### Exercise data

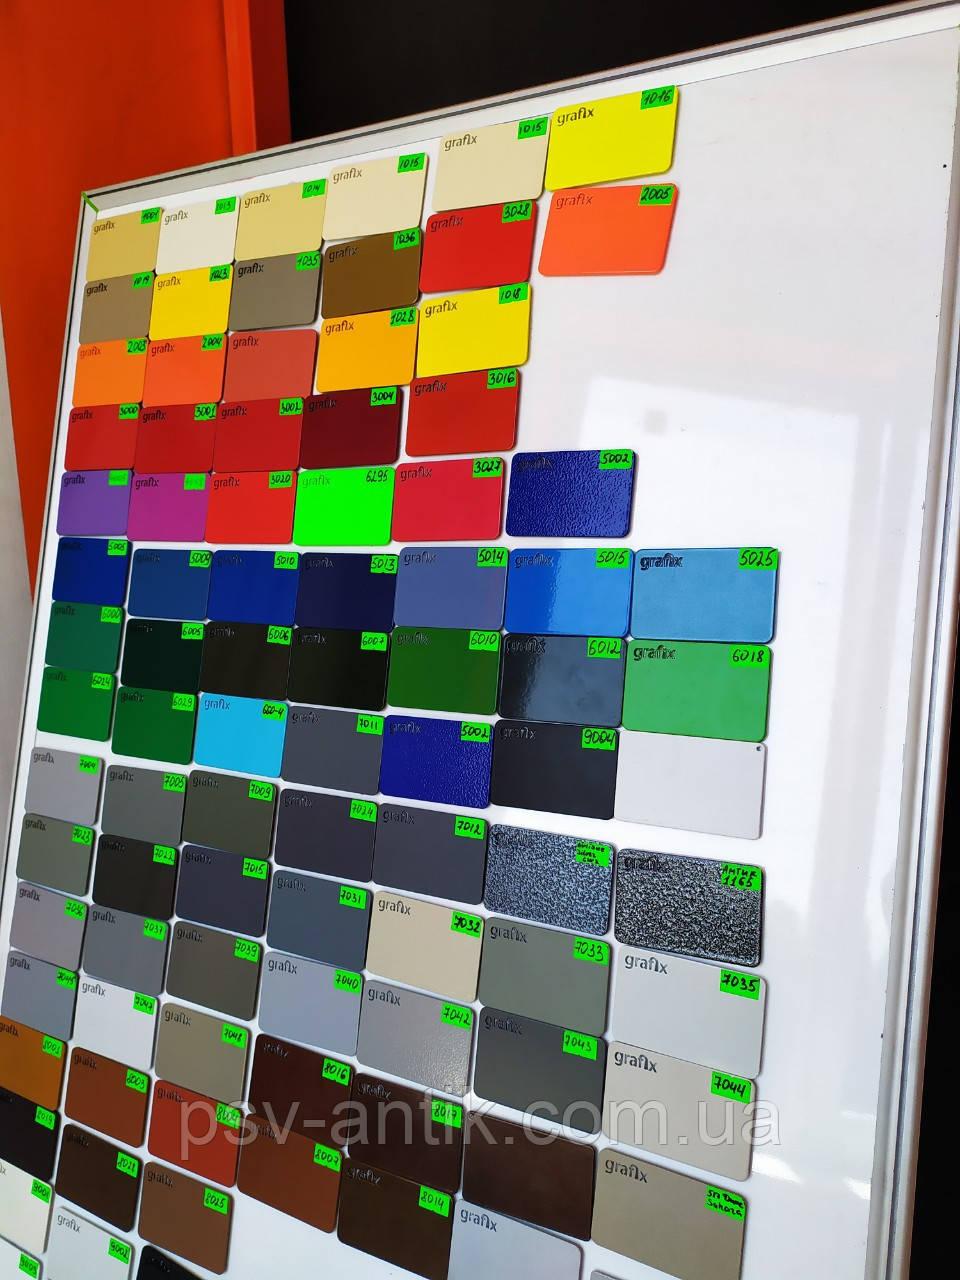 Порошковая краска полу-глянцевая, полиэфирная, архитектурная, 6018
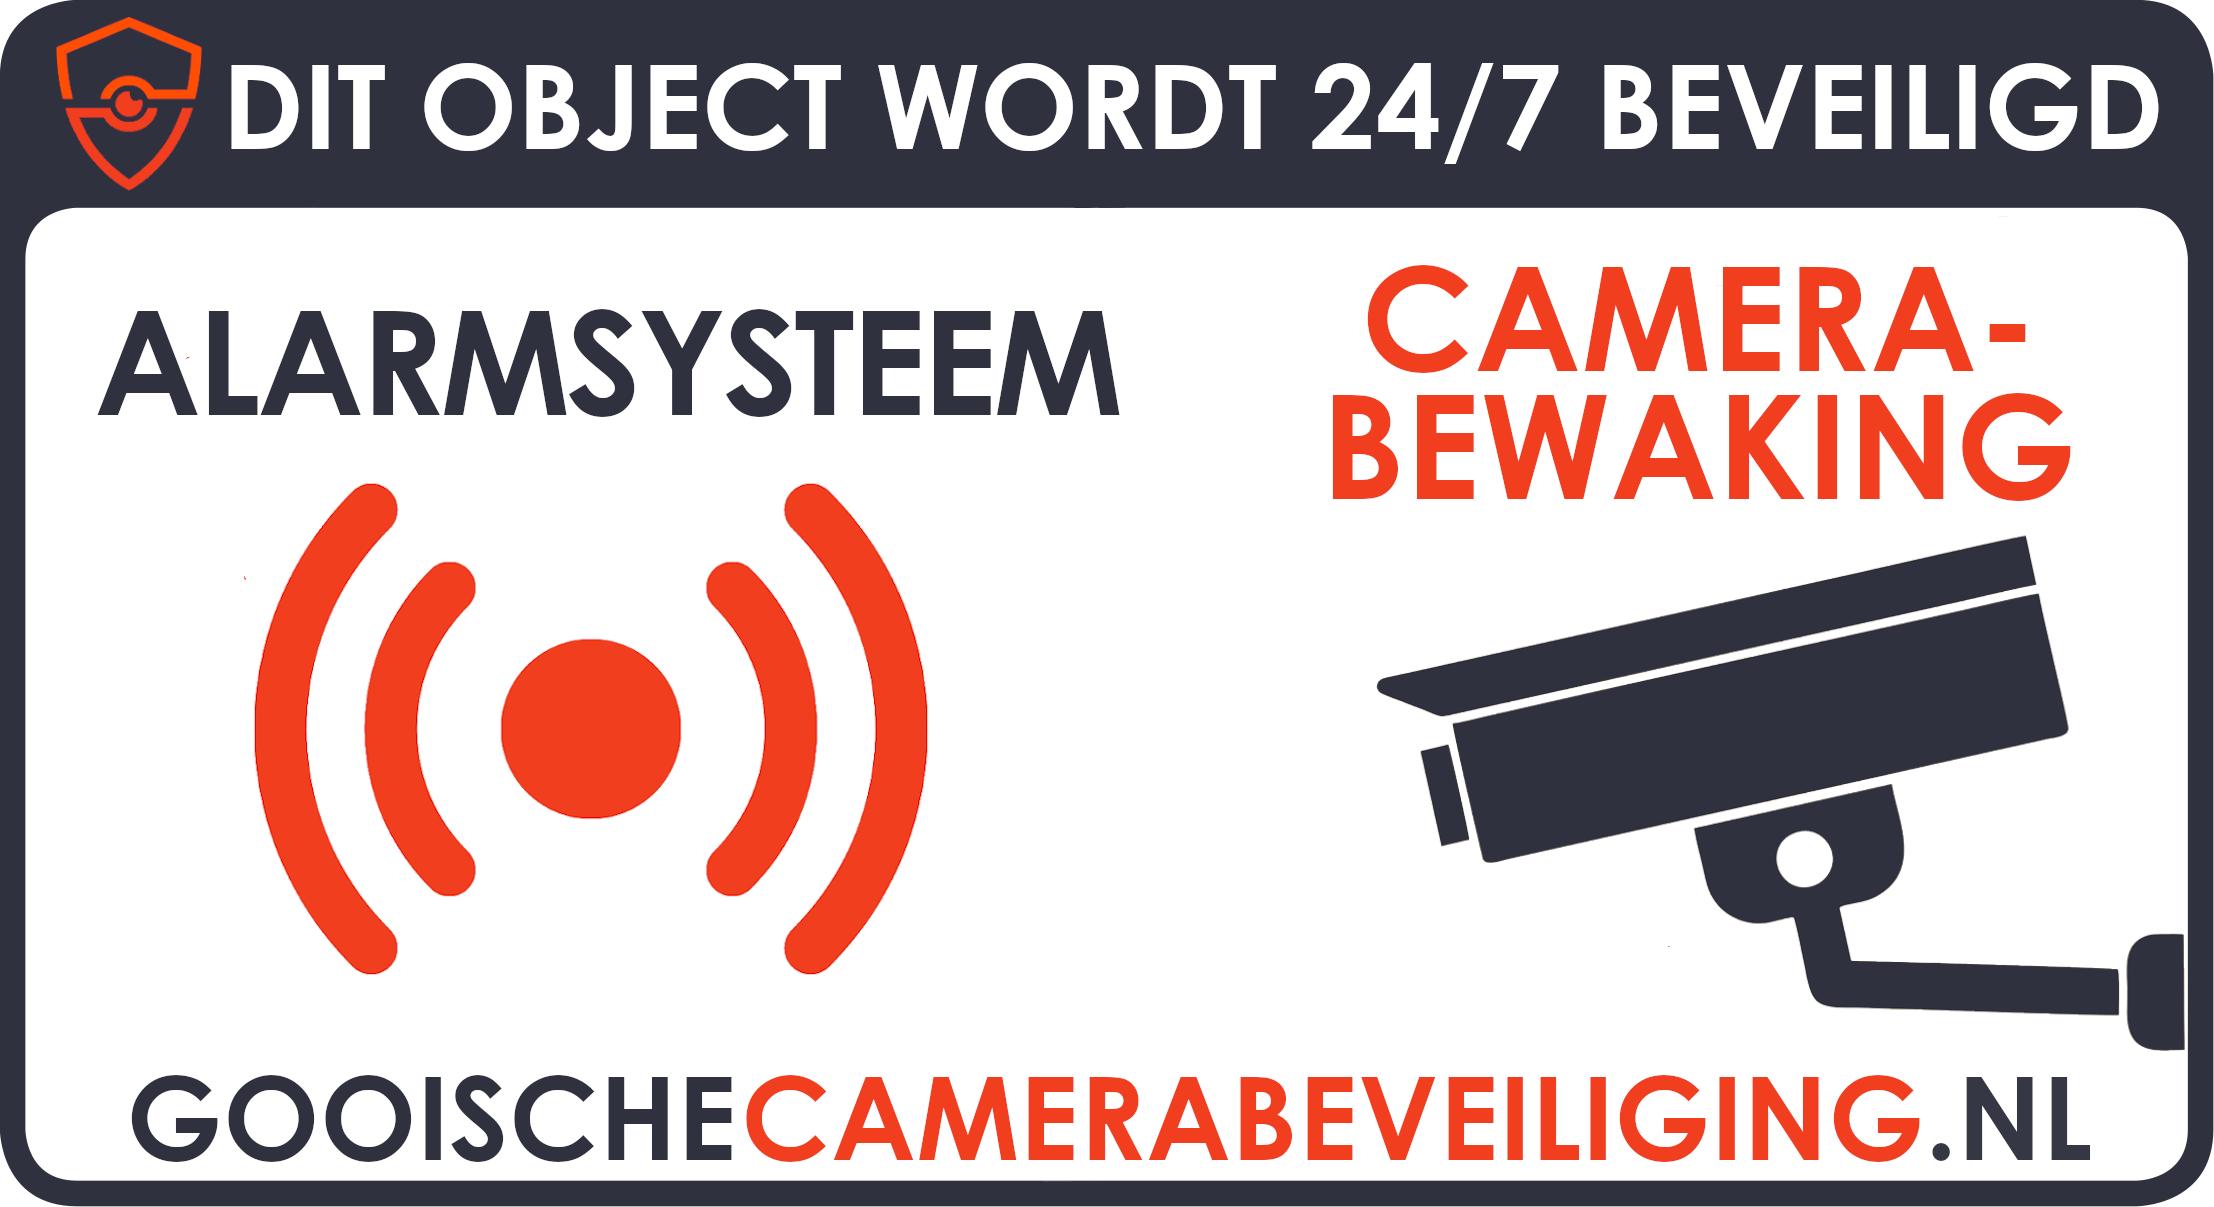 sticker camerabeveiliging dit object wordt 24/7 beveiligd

######
### Exercise data

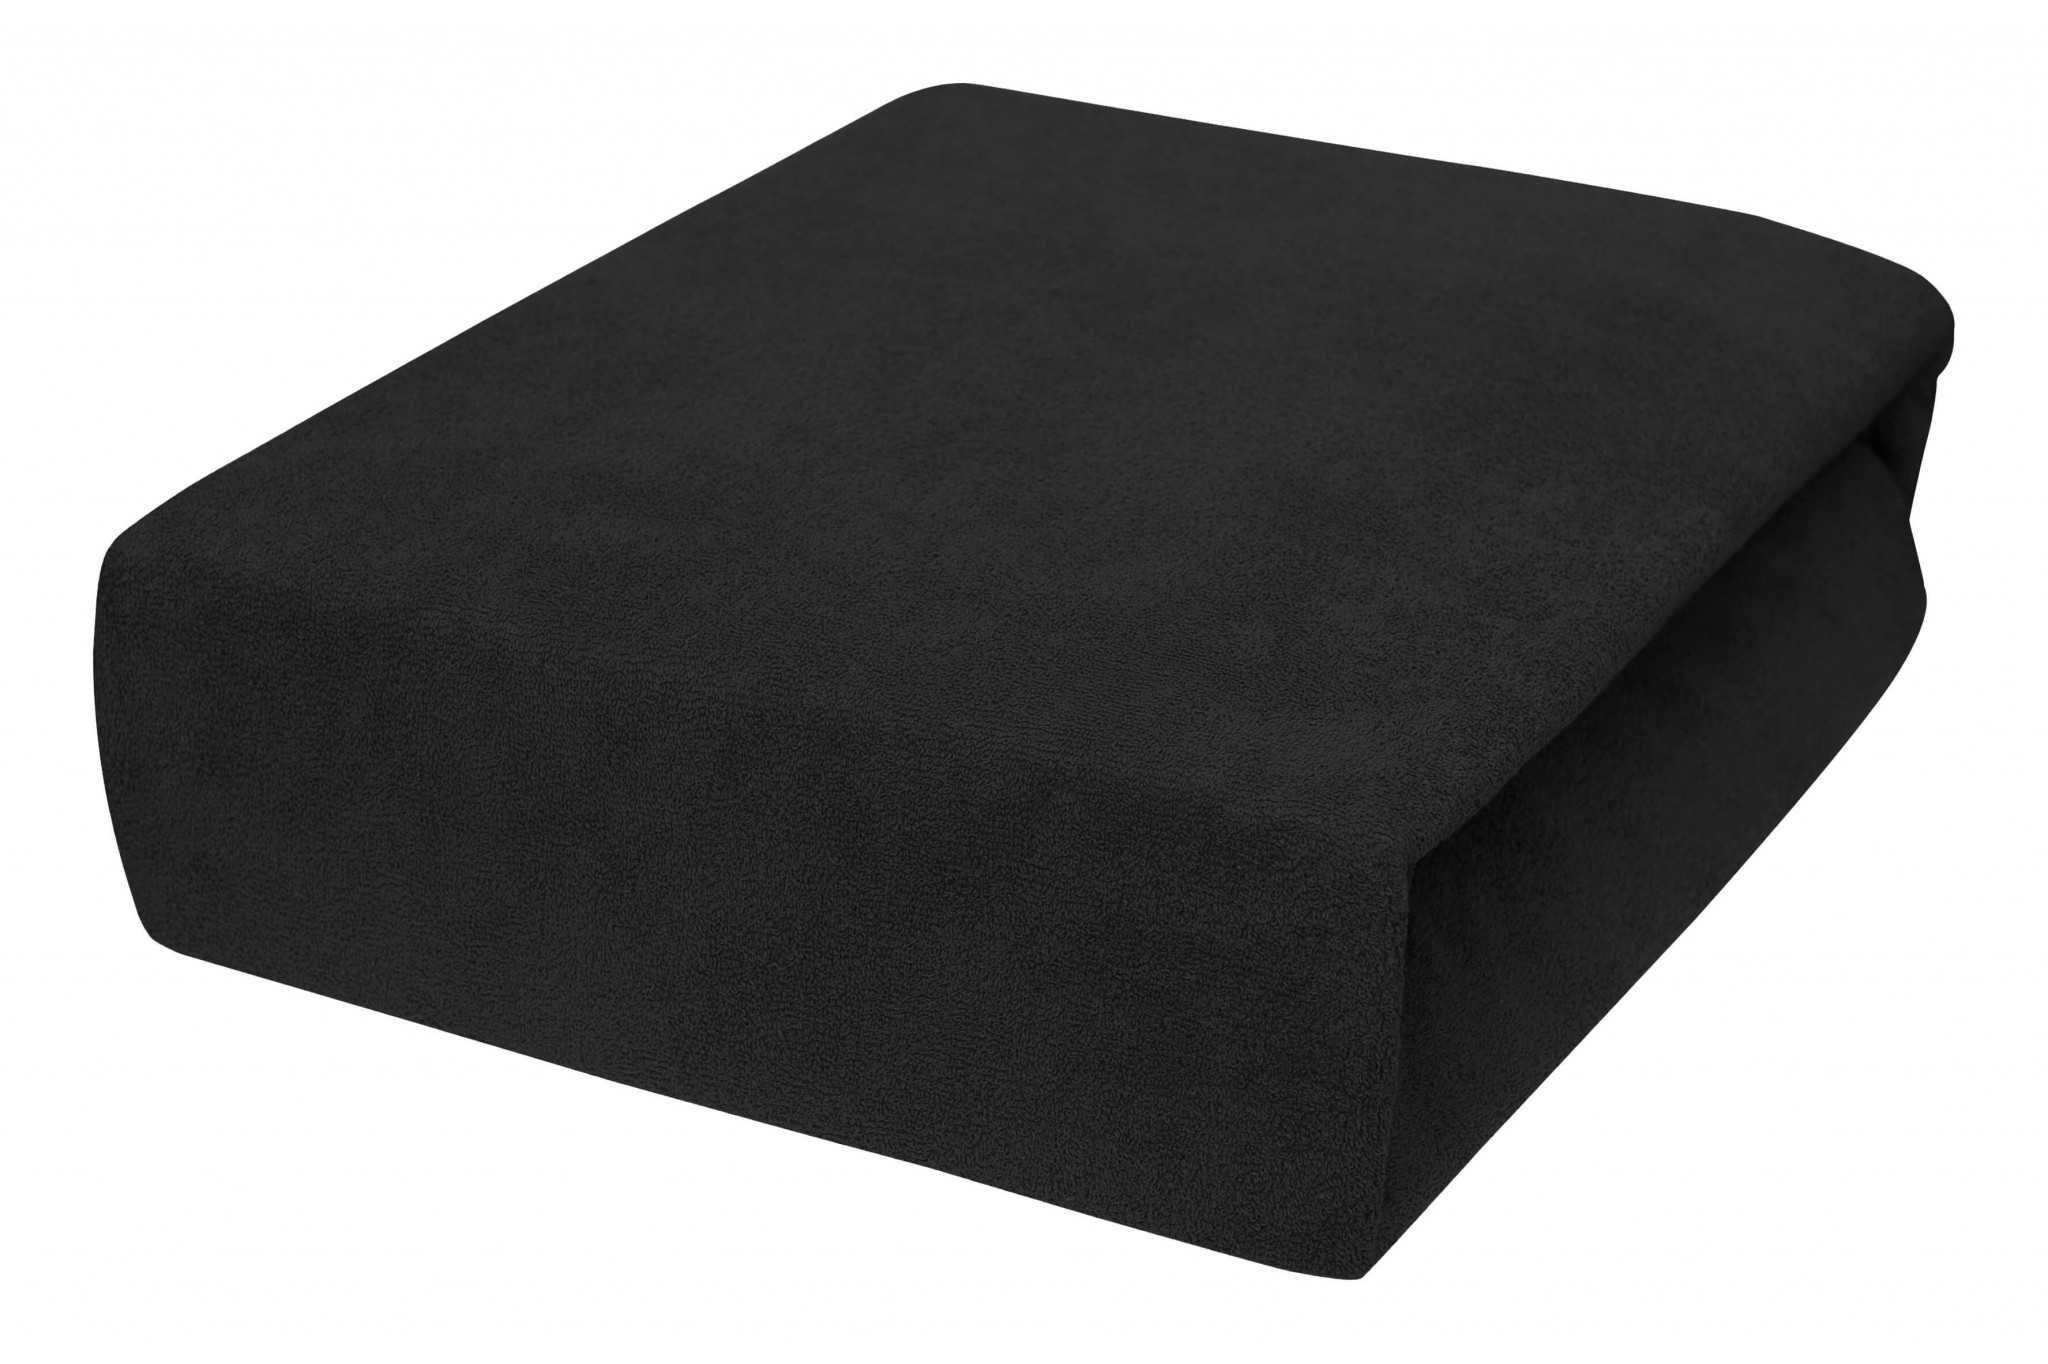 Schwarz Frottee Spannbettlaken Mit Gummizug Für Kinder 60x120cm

######

Task directions = "полиэфирная, архитектурная, 6018" marks the first line to copy, and "sticker camerabeveiliging dit" marks the last. Repeat that stretch above exactly, with no pictures.

Your response =
 Порошковая краска полу-глянцевая, полиэфирная, архитектурная, 6018
 sticker camerabeveiliging dit object wordt 24/7 beveiligd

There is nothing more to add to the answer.